# Egg Prices??



## nieser (Mar 21, 2013)

Just curious what everyone out there sells their eggs for per dozen? (And what state)


----------



## mysticgmekeepr (Mar 26, 2013)

I'm in NE, Ohio and sell mine to friends at church for $2.50 a dozen


----------



## kaufranc (Oct 3, 2012)

I am in NH, I sell mine for 2.00 a dozen.


----------



## ThreeJ (Jun 28, 2012)

Indiana $3.oo a doz.


----------



## leogarguilo (Mar 27, 2013)

I live in CT. Do you need a license to sell eggs? Is that type of thing regulated or can any backyard chicken keeper sell eggs?


----------



## Sundancers (Jun 20, 2012)

Here you go ...

http://www.chickenforum.com/f10/selling-eggs-2803/

http://www.chickenforum.com/f10/egg-prices-2295/

http://www.chickenforum.com/f34/how-much-charge-chicken-eggs-meat-1951/


----------



## Energyvet (Jul 25, 2012)

Monmouth county NJ $4.00/doz.


----------



## HomeSkillet (Mar 1, 2013)

I could get $4 easily here, but prefer to sell to friends at $2. Walmart has some kind of supposedly free range eggs for $5/doz. (Not endorsing Walmart.....just saying)


----------



## Roslyn (Jun 21, 2012)

Mine are $2.50 a dozen. Rural Western Pa


----------



## jn4 (Jun 21, 2012)

Upstate South Carolina........the market here is from $2.00 to $2.75 per doz.
I dont sell mine. I give them away. It frustrates my wife because I do. She says to "recoup some of the cost" for the feeds and such I purchase all year long for the Birds,..the goats,...the Turkeys,....rabbits,....kitty kitties....and all the deer that consume my garden.

I should.....but I didnt go into it to make money...yes Im losing me arse here.!!! LOL!

I started this a while ago for our benefit...the eggs the chicken dinners....the ribs on the grill...the T-day meals....and the education our grandkids are getting.
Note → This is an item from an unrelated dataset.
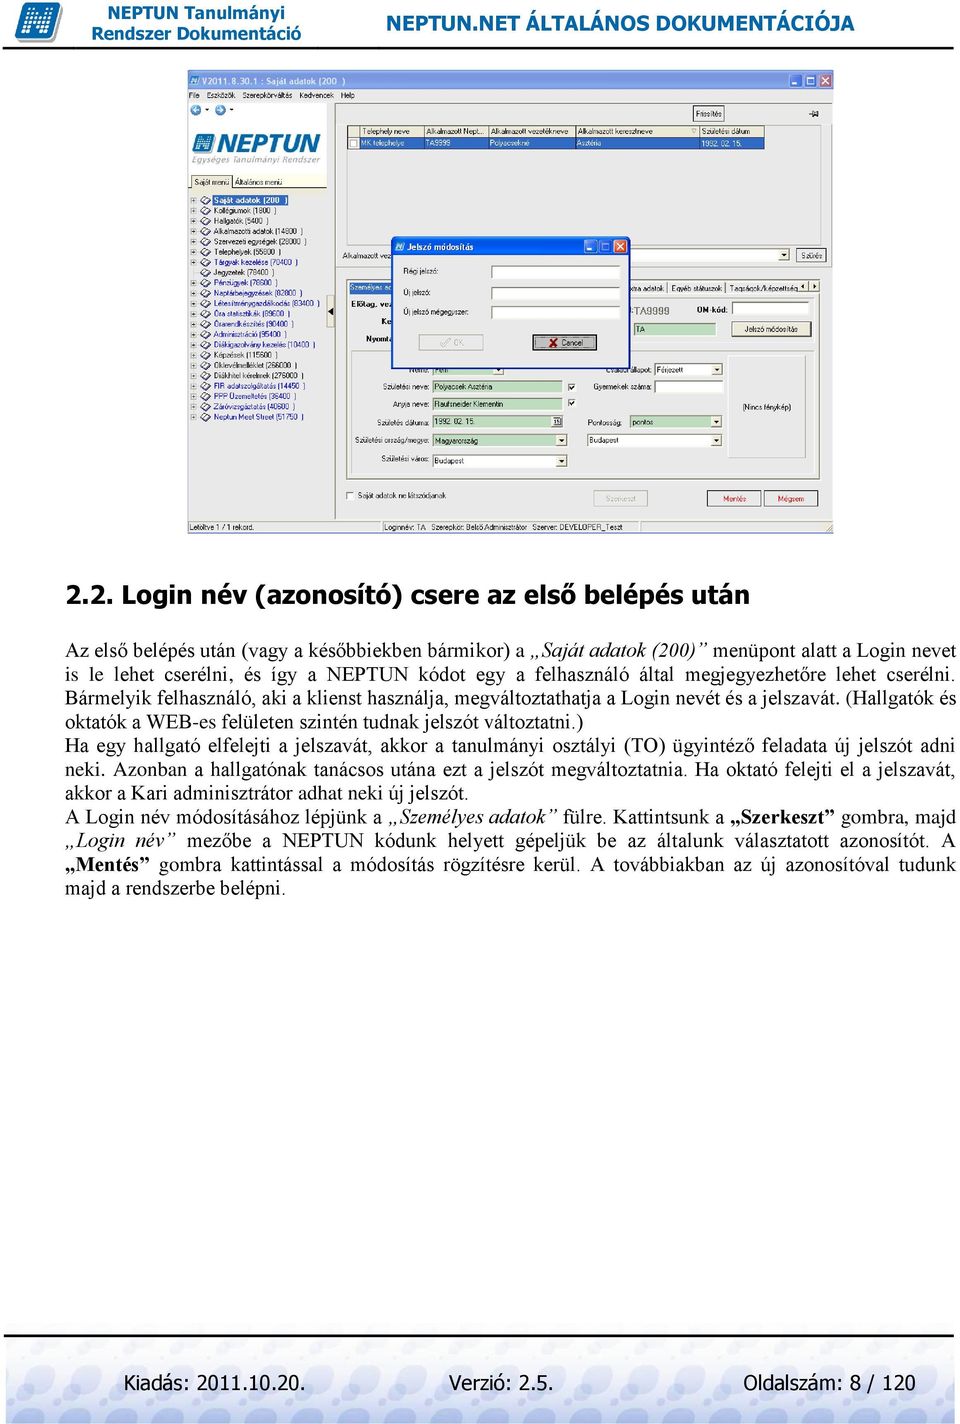 NEPTUN.NET ÁLTALÁNOS DOKUMENTÁCIÓJA - PDF Free Download

Growing up back...well.....loooong time ago,...my family did not sell our stock.....mom would however trade or barder for items......Guess thats where Im at.

Times are getting harder.....Bird keepers are not like most folks. We are independant to a degree. Learn to help out others......the rewards of coming off the grid or out of the "SYSTEM" are great..!!

Happy day!


----------



## tigernielscremer (Apr 1, 2013)

*1.8 dollars.That is a good price for fully organic eggs*

I sell my fully organic eggs for 1.8 dollars a dozen.


----------



## Jim (Sep 26, 2012)

Texas gulf coast, $4.00 a doz for pasture raised, thinking of moving to organic.


----------



## Cluckspert (Mar 12, 2013)

North Carolina - $2.00 a dozen large fowl eggs & $1.50 a dozen bantam eggs. Does anyone know what Coturnix quail eggs are worth?


----------



## GrumpyMan (Jan 14, 2013)

We sell our chicken eggs for $3.00 & duck eggs for $4.00 a dozen. East TN


----------



## ReTIRED (Mar 28, 2013)

Last year...I got $ 3.00 per dozen from a _select few _"customers".
I haven't sold any this year. But WILL soon. 
(They might be a little higher -doubtful- although feed prices are higher. BUT,
they won't be any cheaper.)

in semi-rural NW New Mexico.
-ReTIRED-


----------



## andre831 (Jan 27, 2013)

I'm in Monterey County Ca and have heard a dozen for $5 sometimes a bit more. Haven't sold any of mine yet but plan on starting soon, probably for $4 or $5 a dozen.


----------



## VIVI (Mar 23, 2013)

I'm in West Texas, $3.50 a dozen, duck $4.00, turkey 5.00.

VIVI


----------



## BaldwinCreekFarm (May 13, 2013)

Here in Upstate NY getting $3.00 a doz and cant keep them in stock. We sell out of a local hardware store and its going really well.


----------



## TheLazyL (Jun 20, 2012)

Indiana in the middle of a farming community.

Brown eggs. I started out at $3 a dozen. Hens were out producing the demand.

Local "Farmer's Market" selling white for $2 and browns at $2.50

Changed my price to $2 and now the demand equals the hens output.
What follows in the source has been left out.